**Task:** Leave the pictures out and print, word for word, the lines below from the one with "Stadtplan mit Pins." through the final line.

**Raw data:**
● ● ● ● ● ● ●

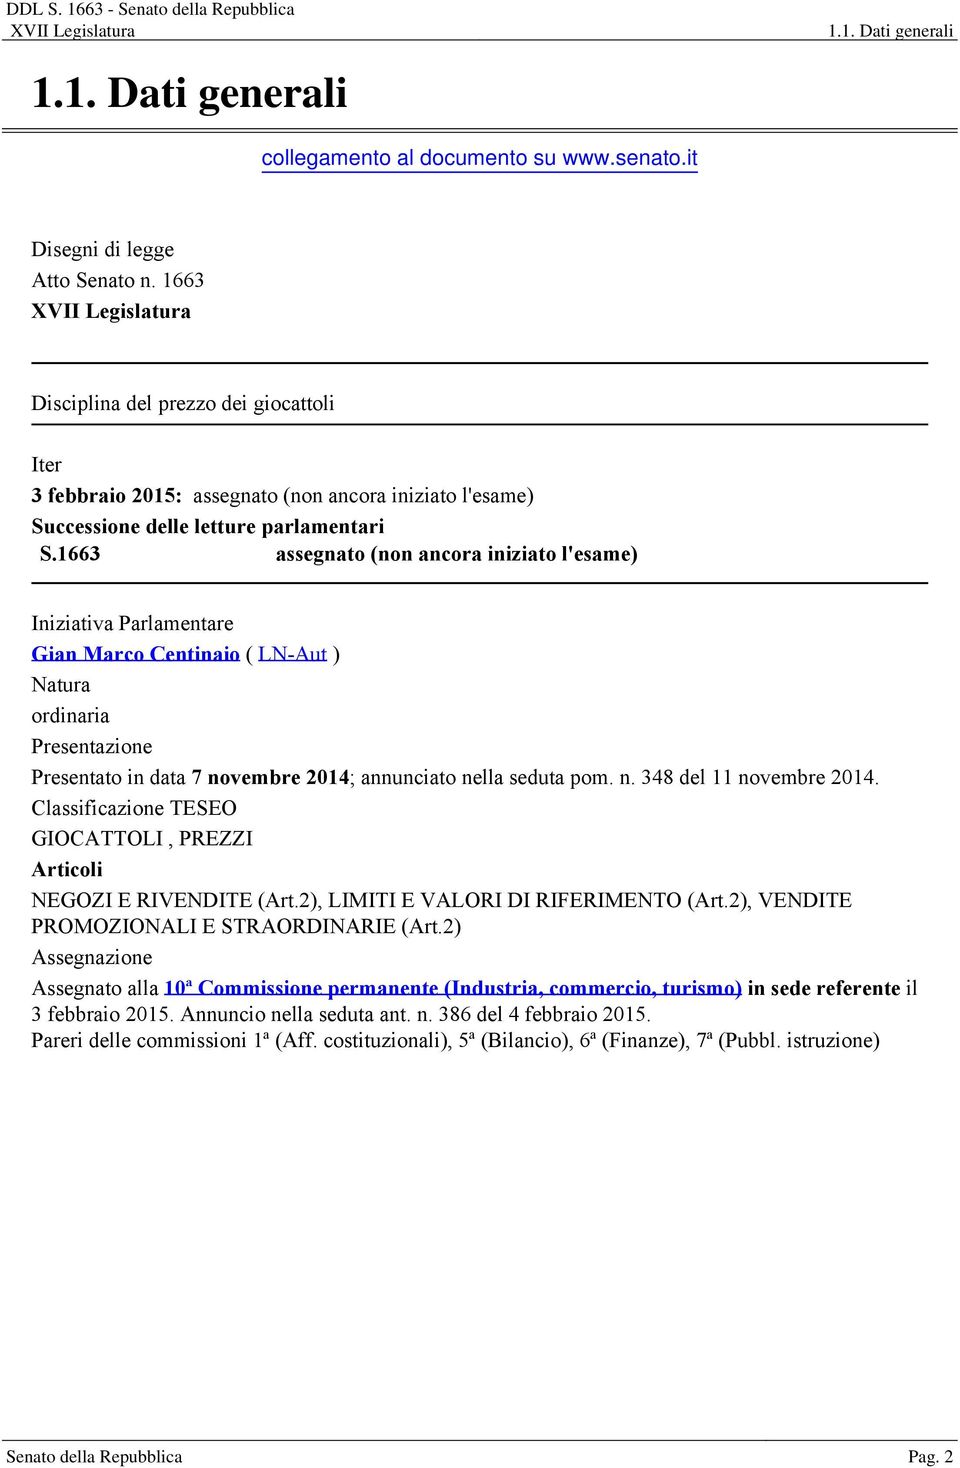 1663 assegnato (non ancora iniziato l'esame) Iniziativa Parlamentare Gian Marco Centinaio ( LN-Aut ) Natura ordinaria Presentazione Presentato in data 7 novembre 2014; annunciato nella seduta pom. n. 348 del 11 novembre 2014.
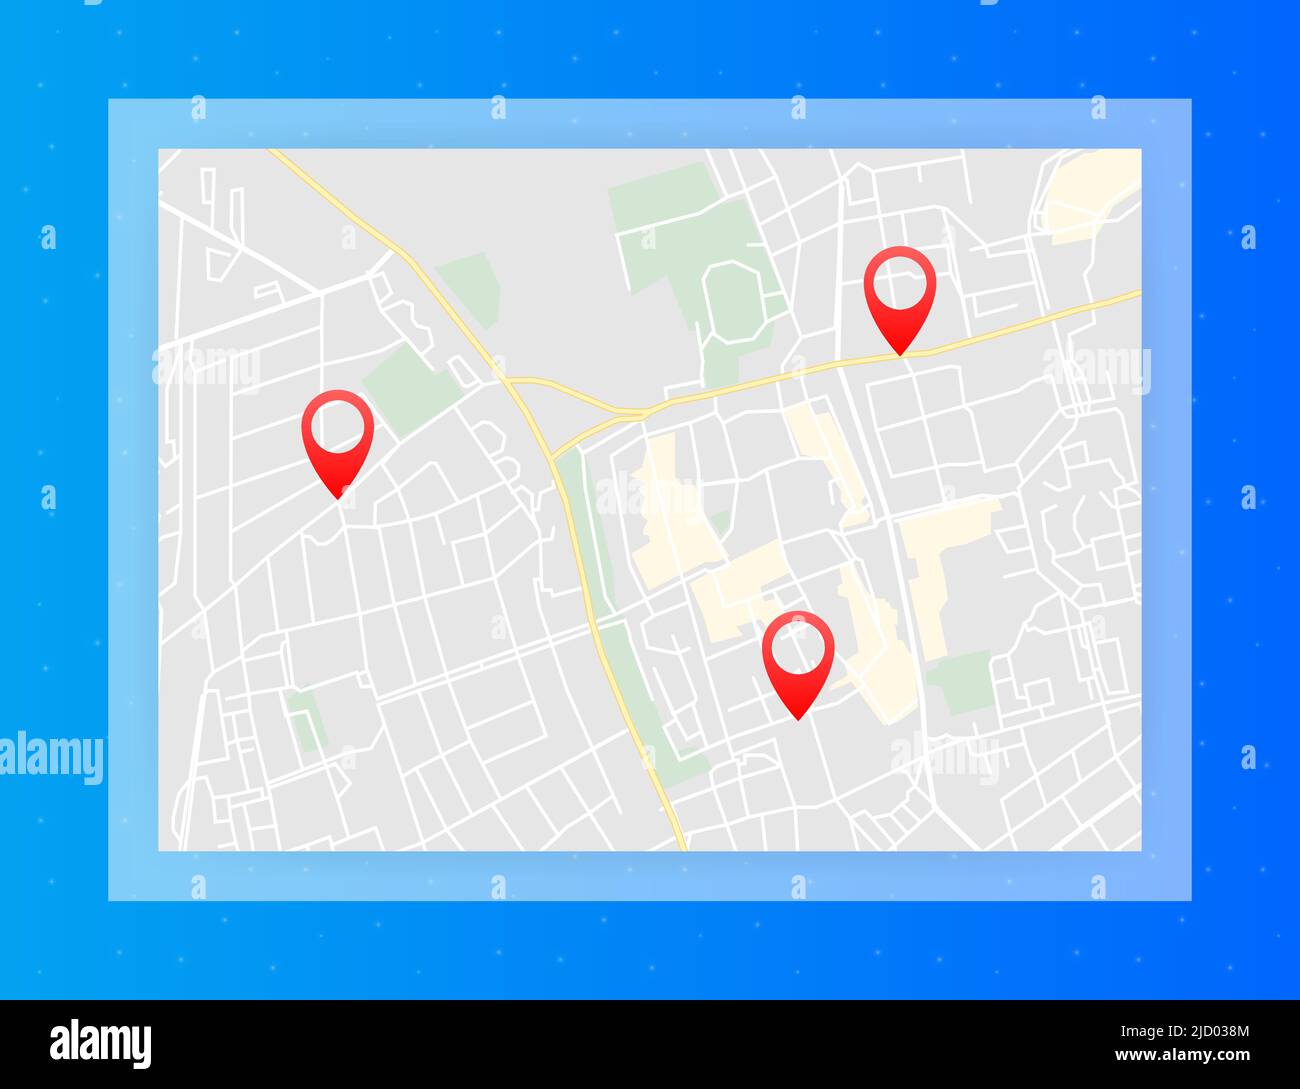 Stadtplan mit Pins. GPS-Navigationsroute mit Zeigern. Stadtstraßen und Wohnblocks. Stock Vektor
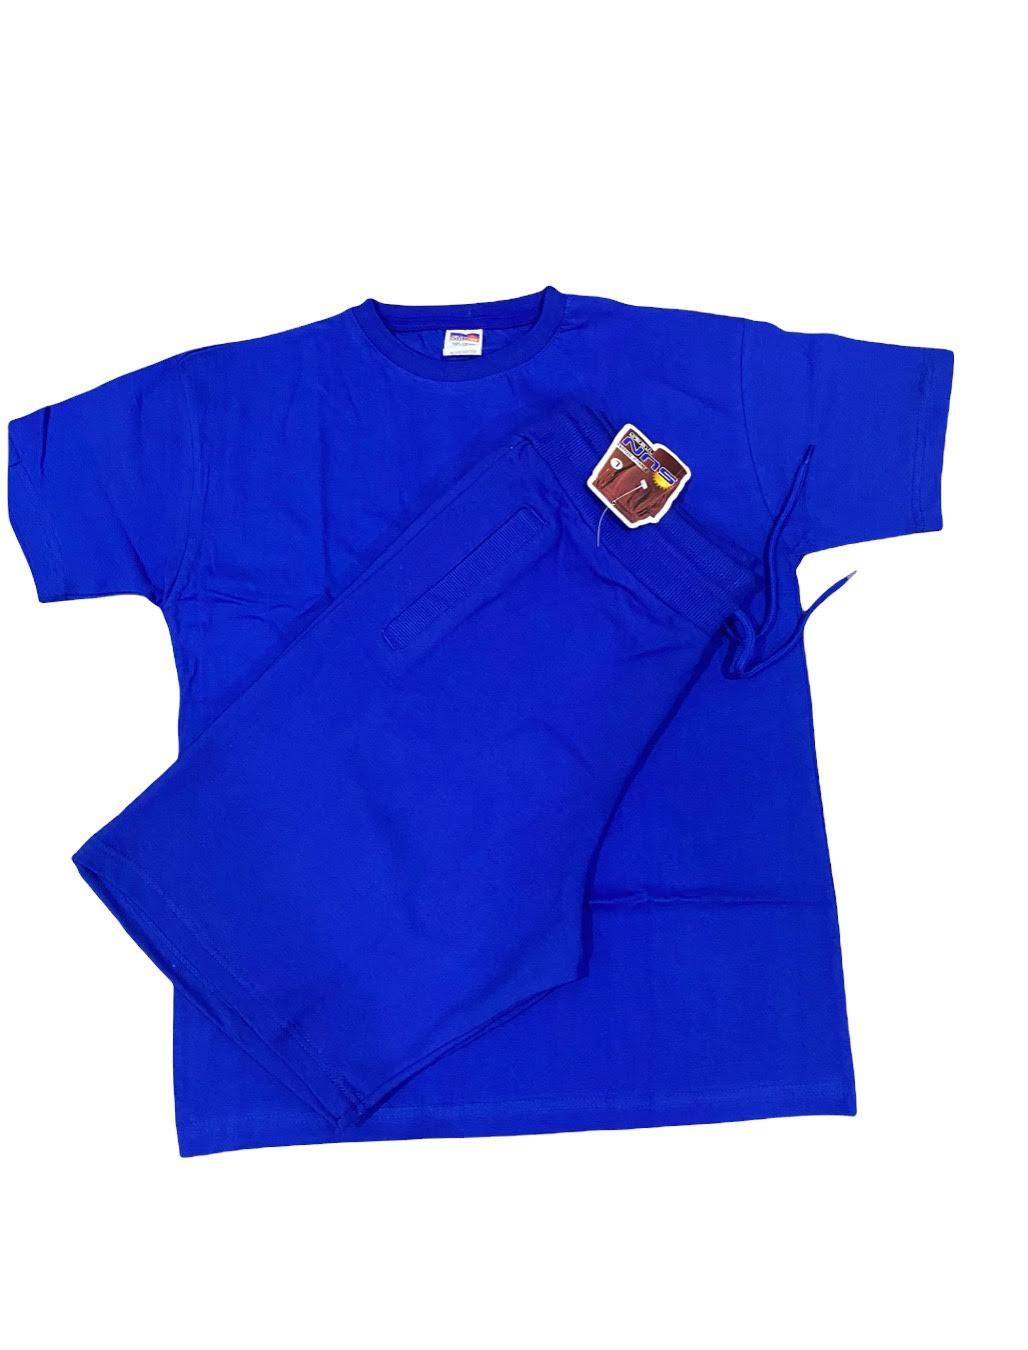 Royal blue t-shirt and short sets
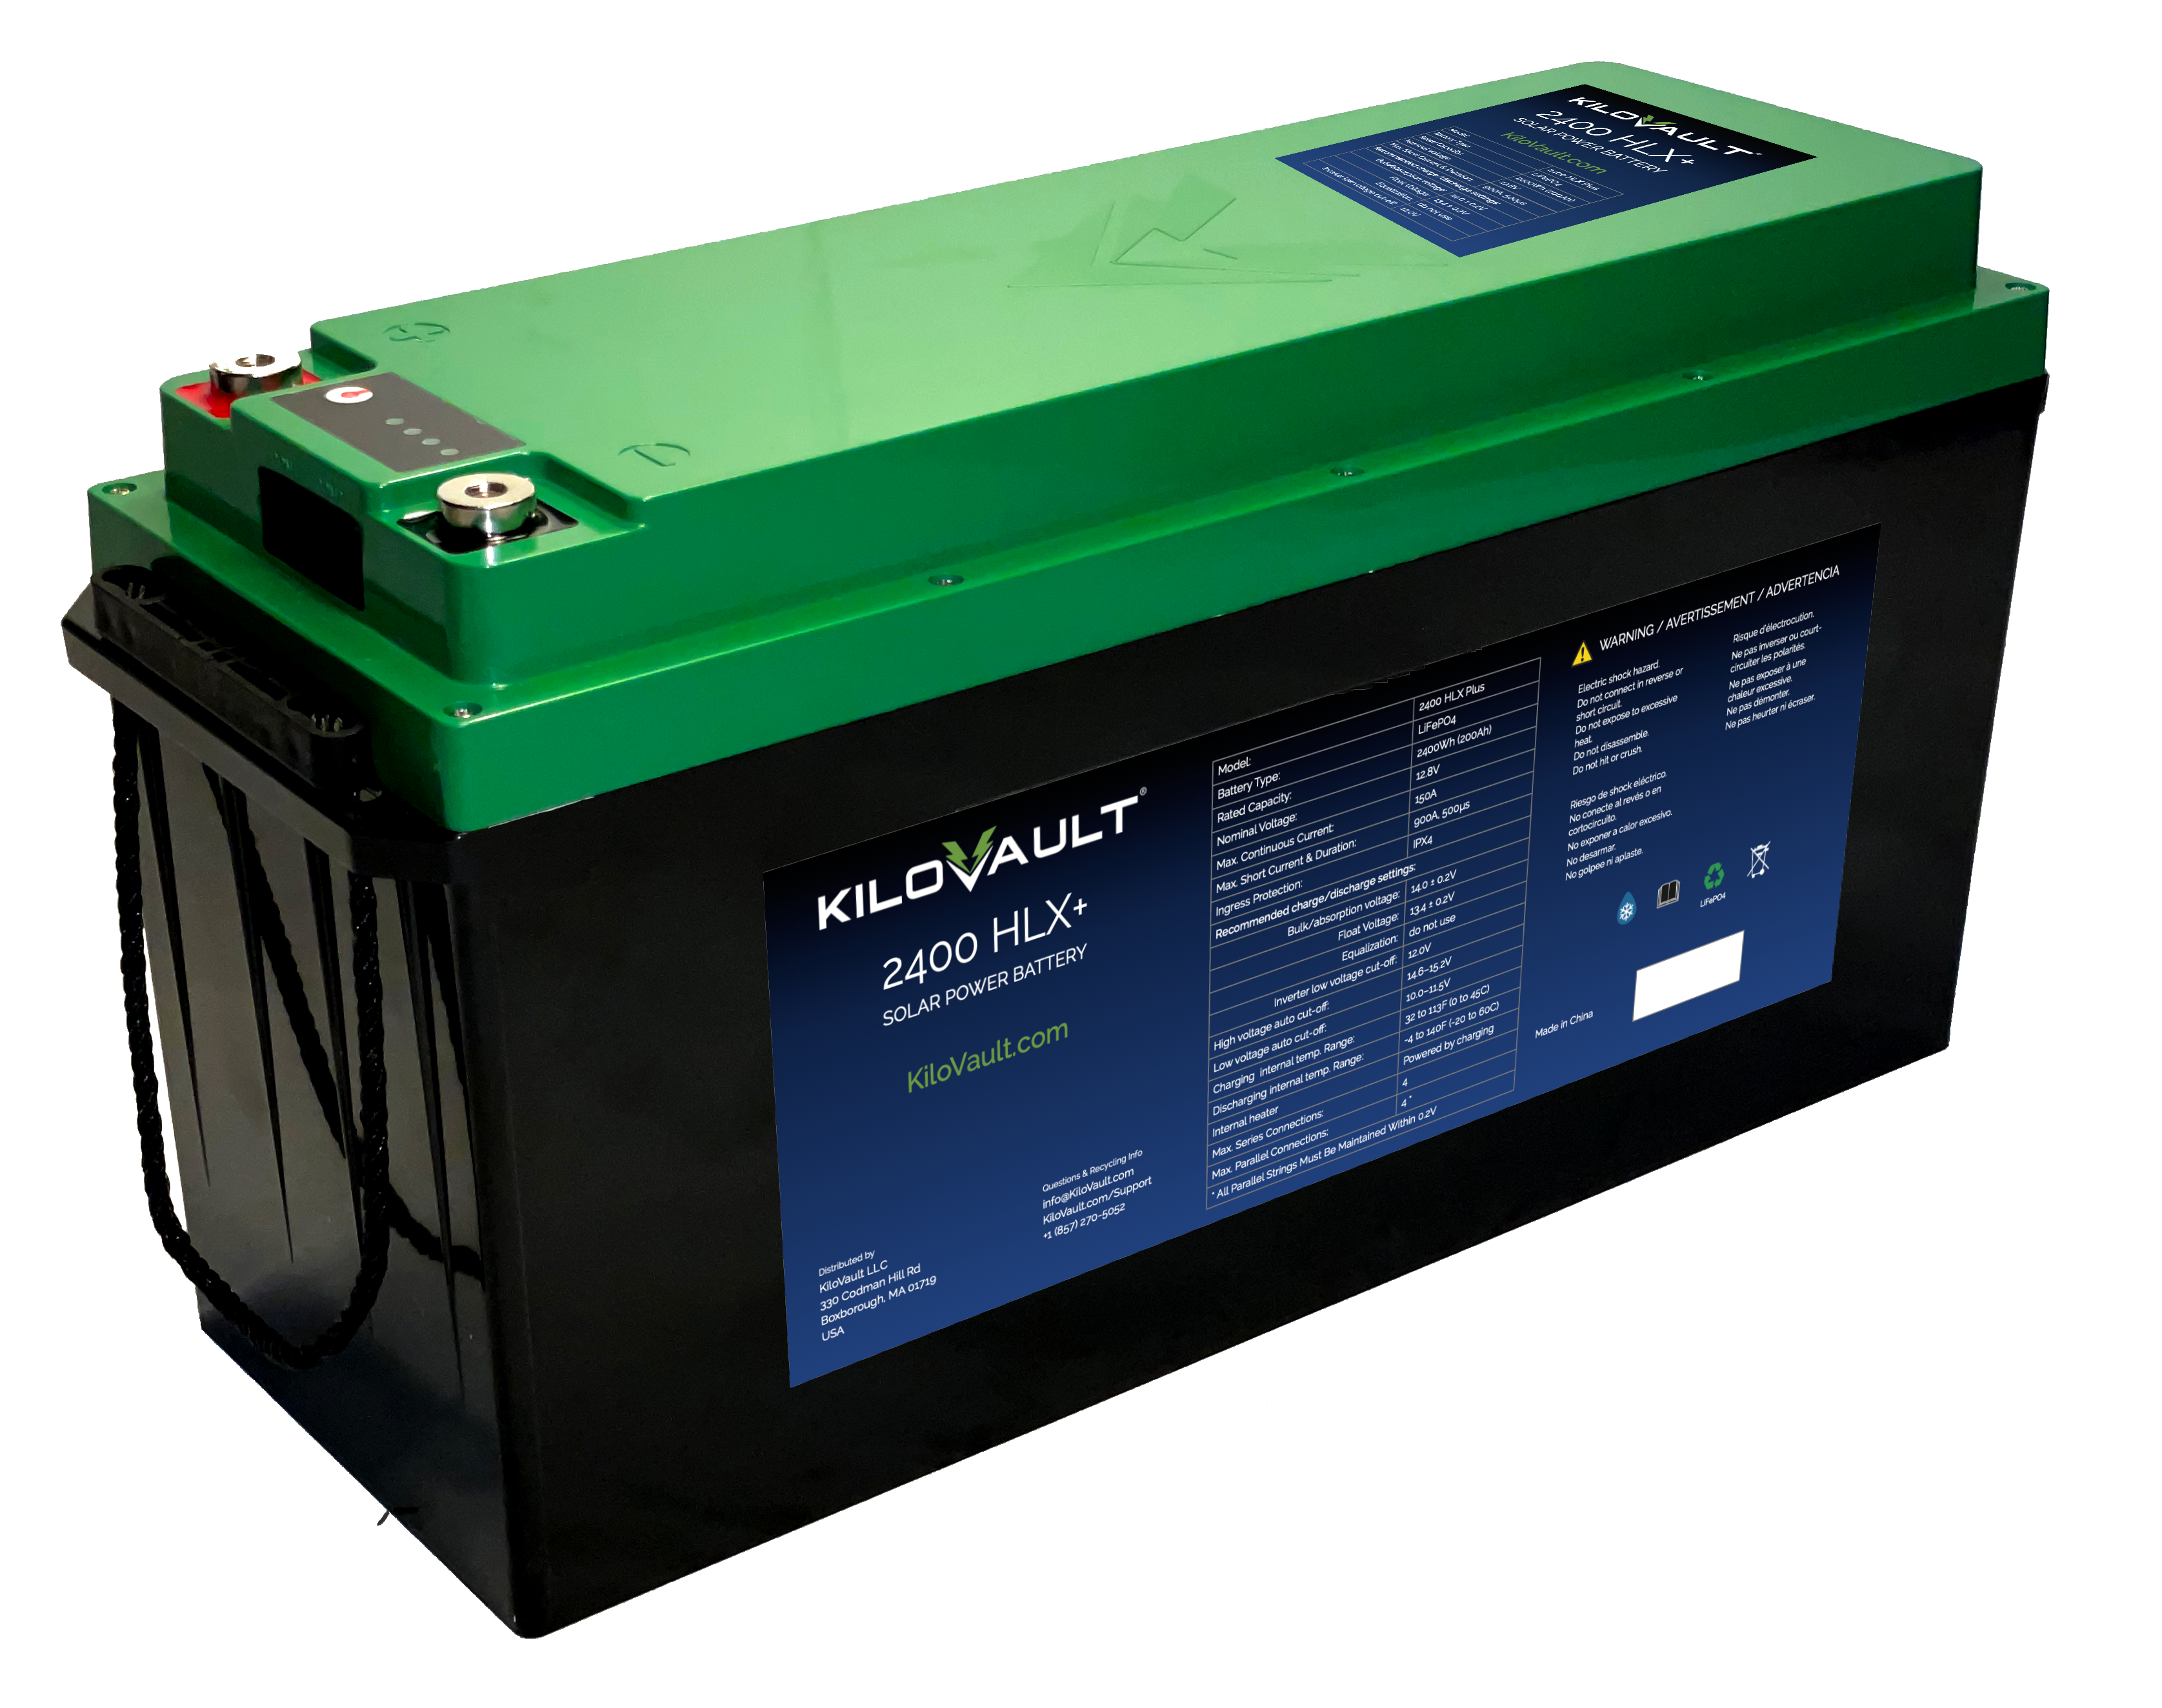 Best Battery Monitors for RVs & 12V - 48V Solar Batteries

● ● ● ● ● ● ●

**Answer below:**
 Stadtplan mit Pins. GPS-Navigationsroute mit Zeigern. Stadtstraßen und Wohnblocks. Stock Vektor
 Royal blue t-shirt and short sets
 Best Battery Monitors for RVs & 12V - 48V Solar Batteries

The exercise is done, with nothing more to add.